Estimator for classifying pixels.

Parameters
clfclassifier object, optional

classifier object, exposing a fit and a predict method as in scikit-learn’s API, for example an instance of RandomForestClassifier or LogisticRegression classifier.

features_funcfunction, optional

function computing features on all pixels of the image, to be passed to the classifier. The output should be of shape (m_features, *labels.shape).
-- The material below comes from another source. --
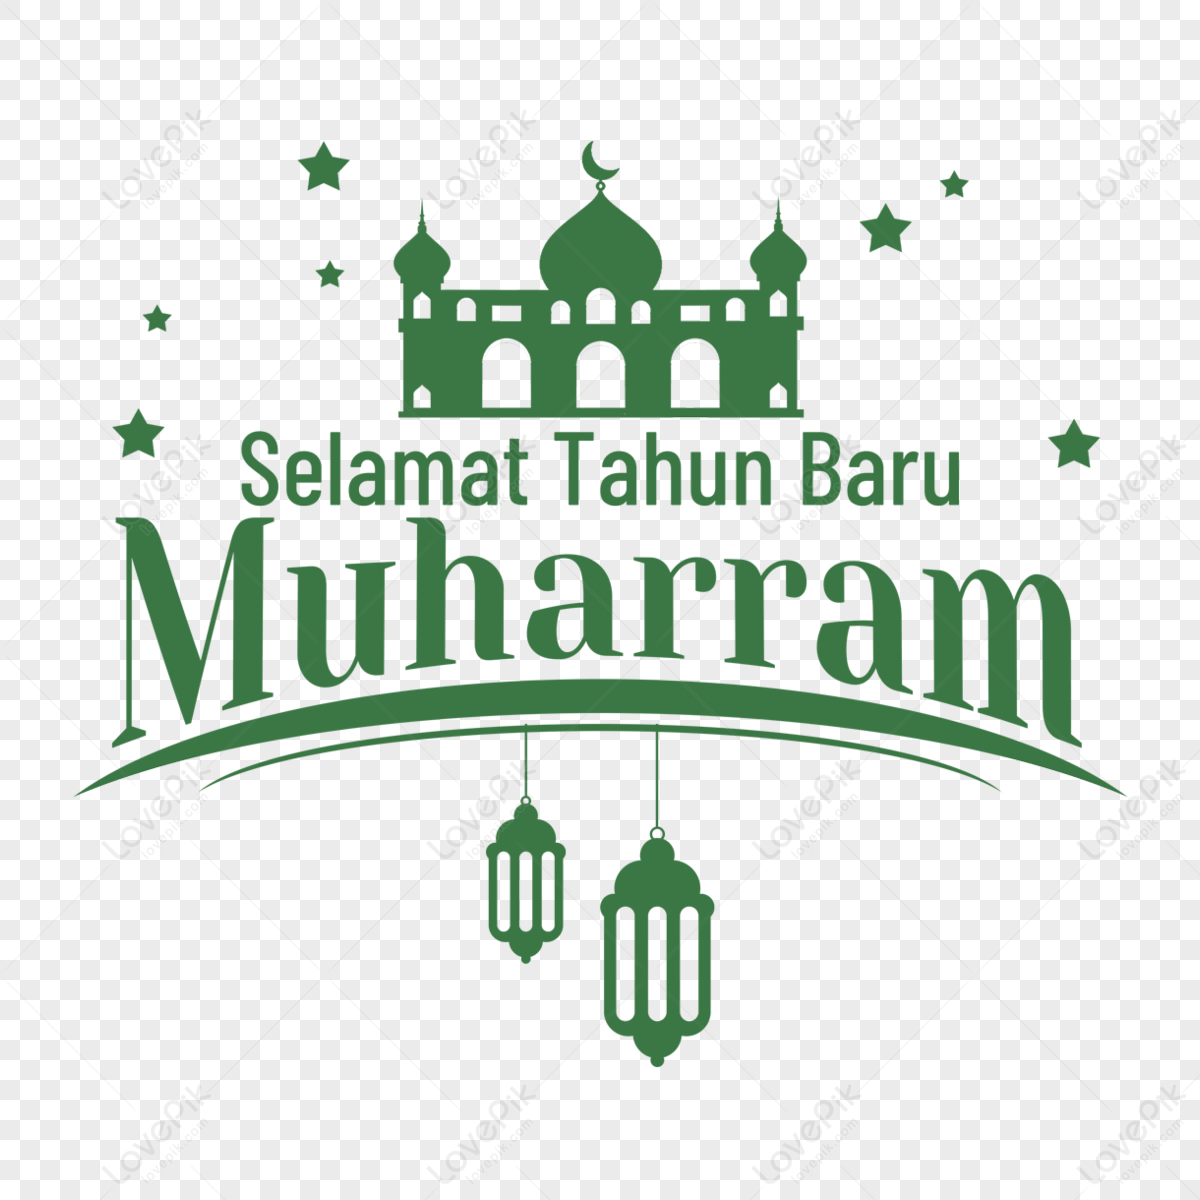 Muharram 2022: Months In Islamic Calendar And Their Significance

If None, skimage.feature.multiscale_basic_features() is used.

Methods

fit(image, labels)

Train classifier using partially labeled (annotated) image.

predict(image)

Segment new image using trained internal classifier.

compute_features

__init__(clf=None, features_func=None)[source]
compute_features(image)[source]
fit(image, labels)[source]

Train classifier using partially labeled (annotated) image.

Parameters
imagendarray

Input image, which can be grayscale or multichannel, and must have a number of dimensions compatible with self.features_func.

labelsndarray of ints

Labeled array of shape compatible with image (same shape for a single-channel image). Labels >= 1 correspond to the training set and label 0 to unlabeled pixels to be segmented.

predict(image)[source]

Segment new image using trained internal classifier.

Parameters
imagendarray

Input image, which can be grayscale or multichannel, and must have a number of dimensions compatible with self.features_func.

Raises
NotFittedError if self.clf has not been fitted yet (use self.fit).